Garaudy (1965) destaca que em O Ser e o Nada, Sartre critica constantemente Hegel do ponto de vista de Kierkegaard, censurando-o por não ter valorizado o momento da subjetividade, o da consciência e o da liberdade, mas uma atenção excessiva à subjetividade o conduz a privar com freqüência o homem de sua dimensão histórica, social, e inclusive natural, e a destiná-lo a um desespero sem saída. O autor cita o próprio Sartre para demonstrar sua postura:

A realidade humana é sofredora em seu ser, porque vem ao ser como perpetuamente obsedada por uma totalidade que ela é sem poder sê-la, visto que justamente não poderia atingir o em-si sem perder-se como para-si. É portanto, por natureza, consciência infeliz, sem superação possível do estado de infelicidade. (Sartre apud Garaudy, 1965, p. 87)

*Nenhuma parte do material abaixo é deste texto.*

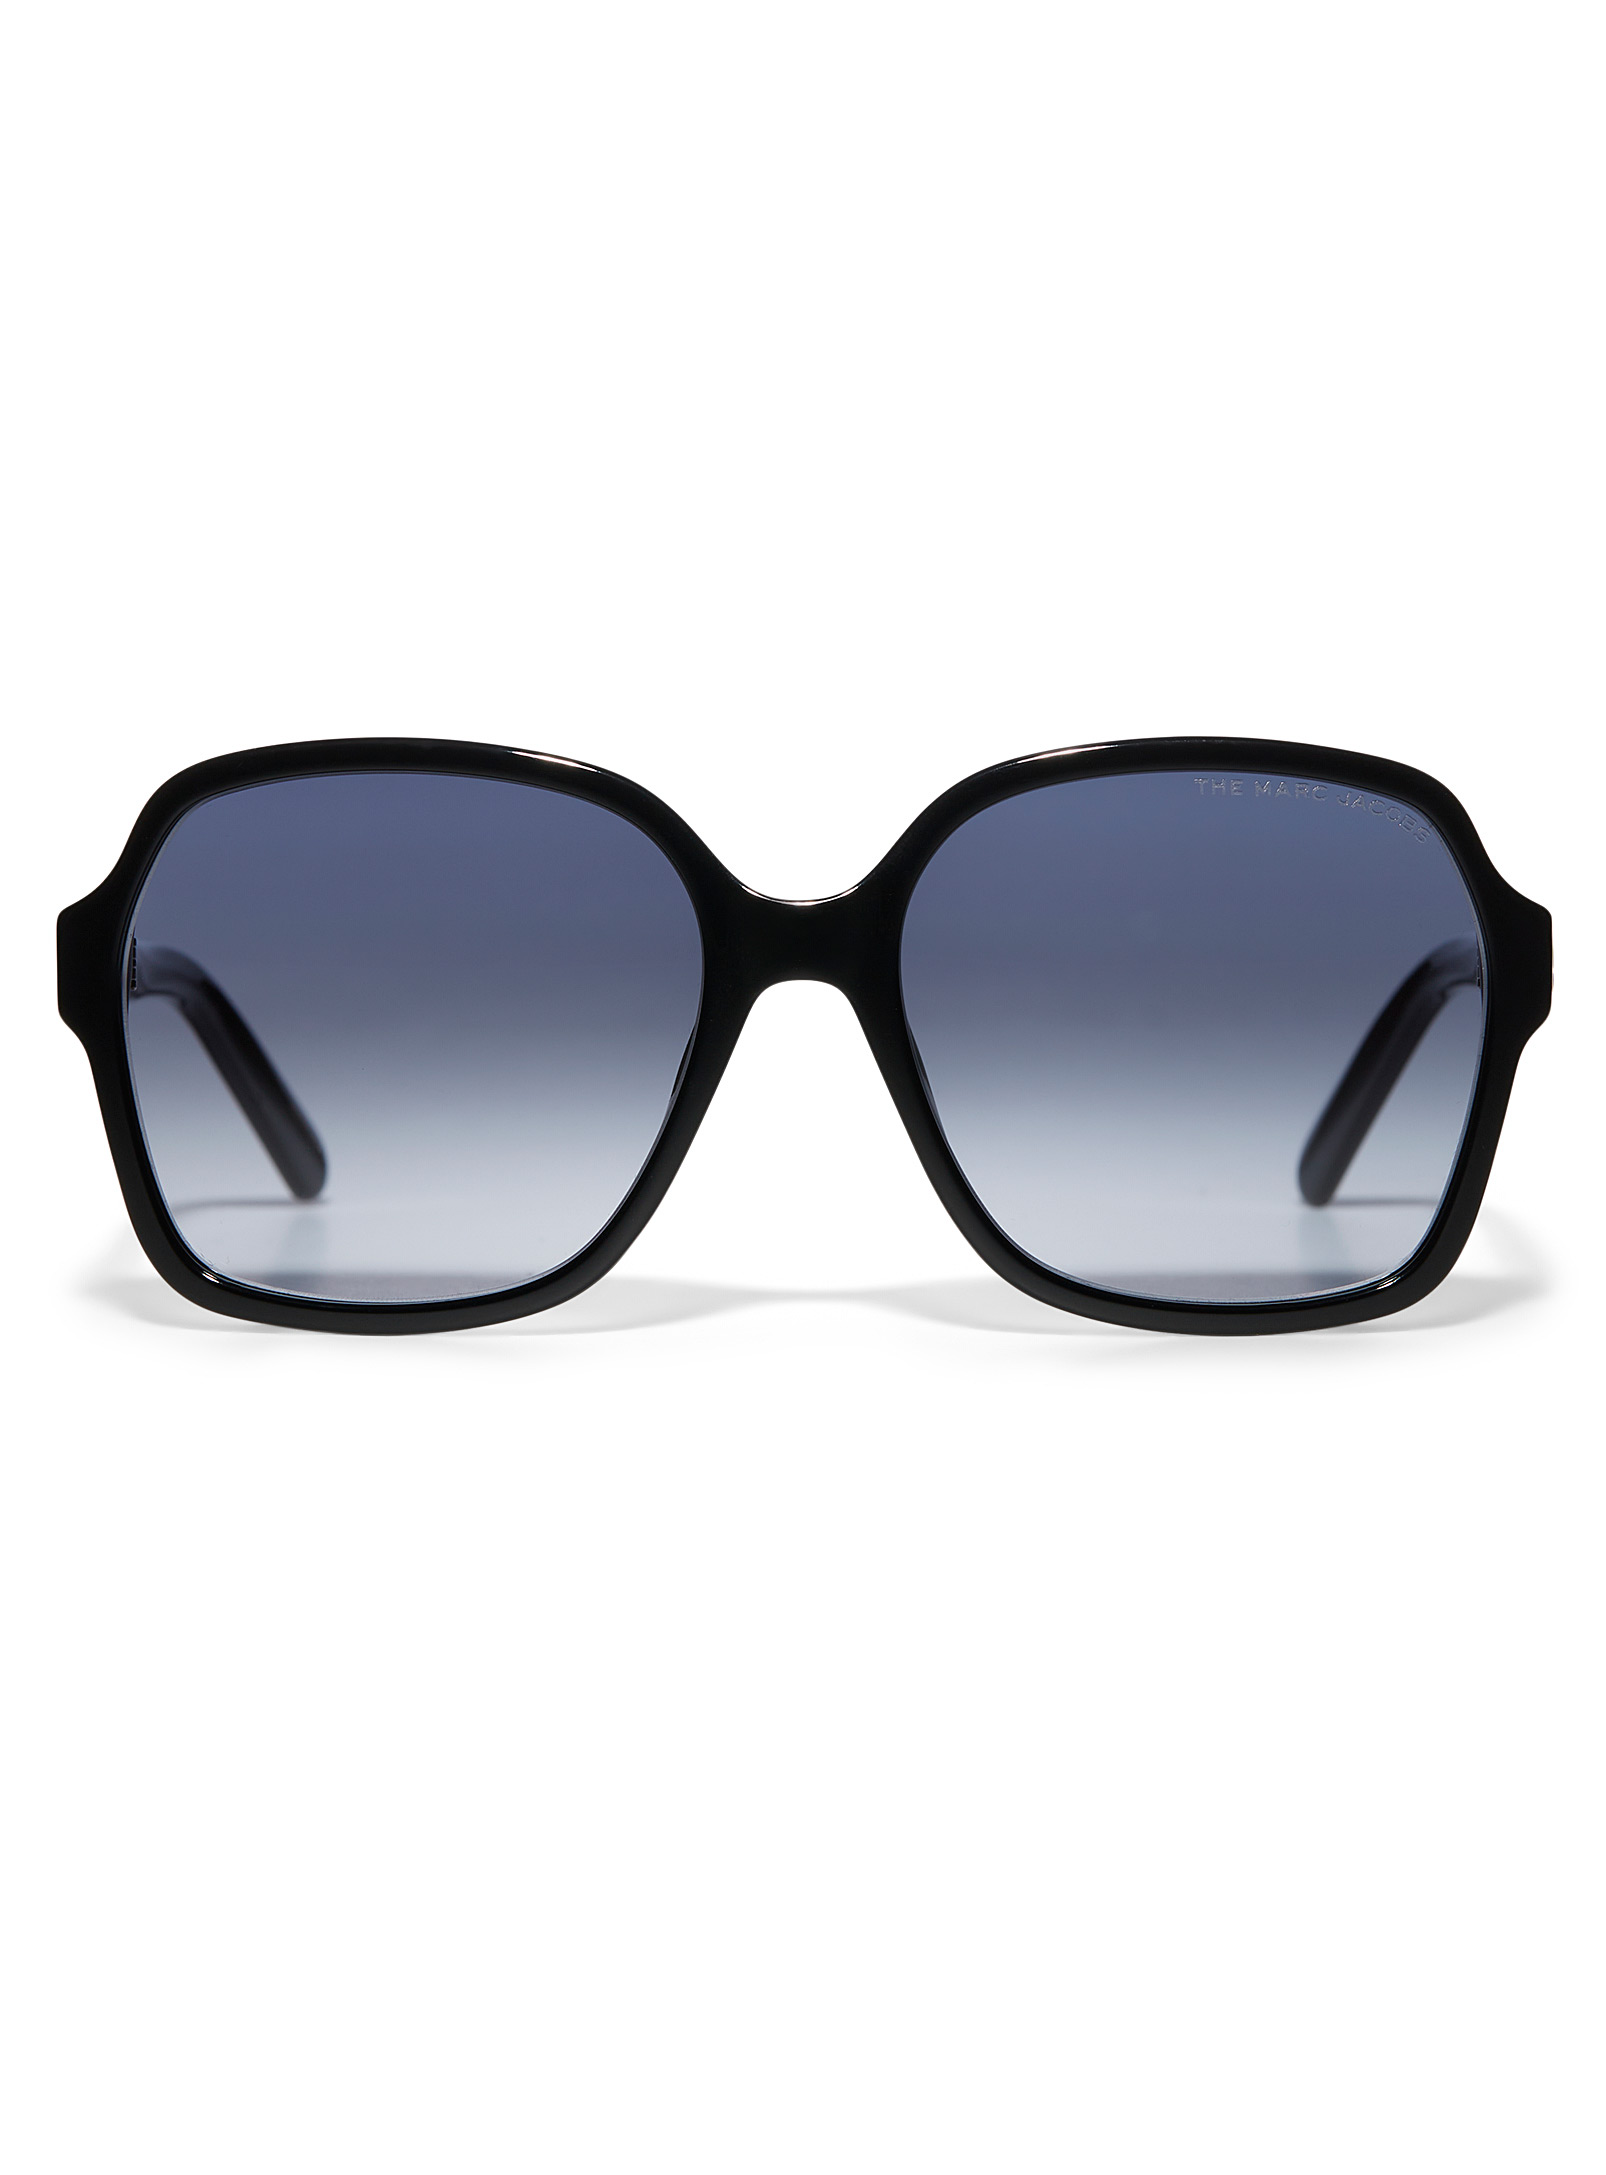 Marc Jacobs - Les lunettes de soleil carrées accents dorés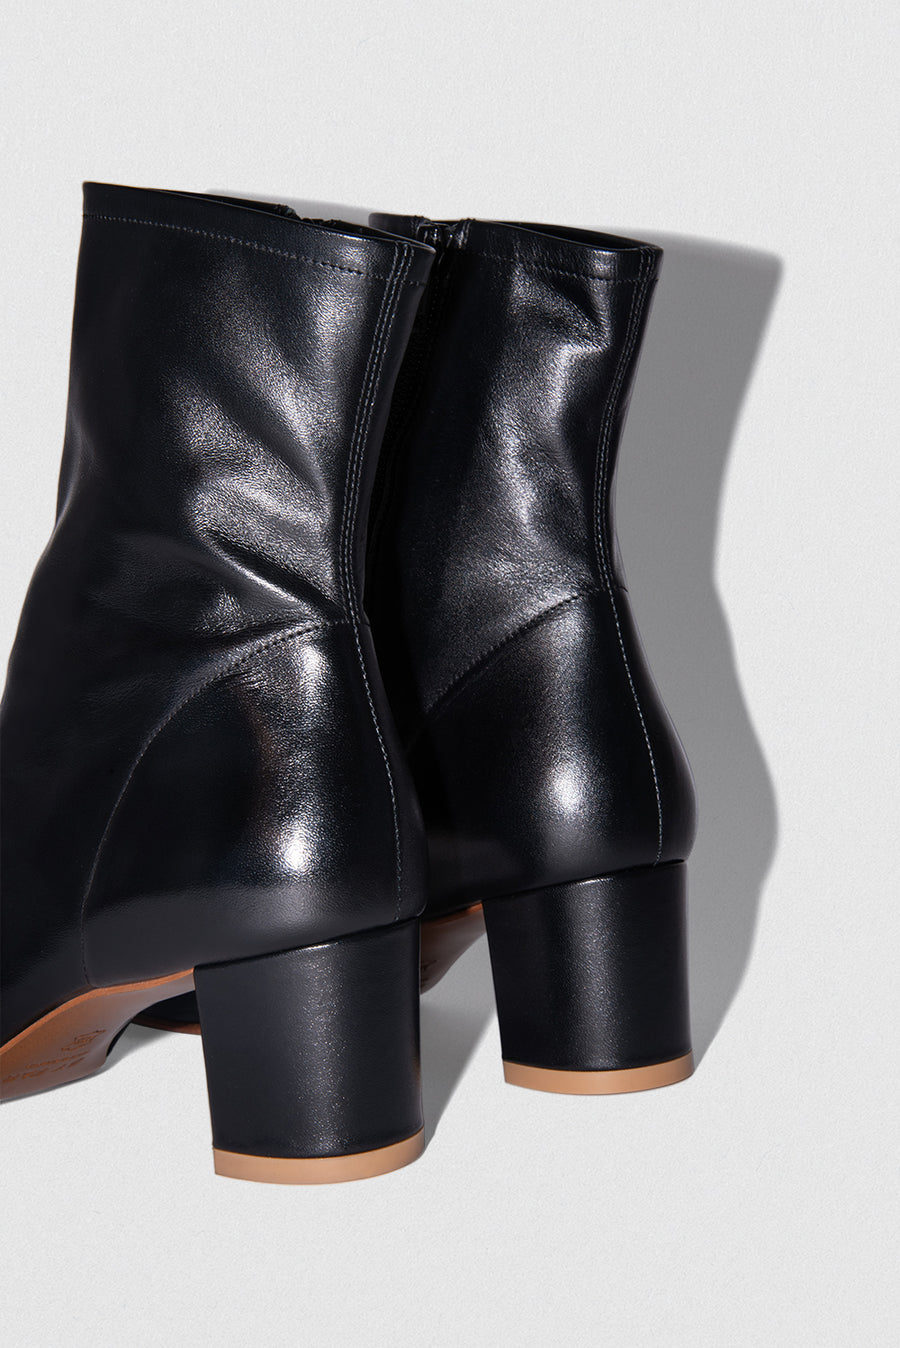 Sofia Black Leather – BY FAR

Sartre, com tal postura reprova o otimismo de Hegel, tanto o seu otimismo epistemológico, que antecipa a respeito de um conhecimento total e admite a coincidência do ser e do conhecimento, quanto o seu otimismo ontológico, em que afirma que a pluralidade pode e deve superar-se em direção à totalidade. Garaudy (1965) conclui que, entre esse canto de vitória

prematuro e essa recusa sem esperança de toda perspectiva de vitória estende-se o campo de uma batalha a travar que não está nem previamente ganha, como nos promete Hegel, nem previamente perdida como nos assegura Sartre: é a batalha da liberdade e da história.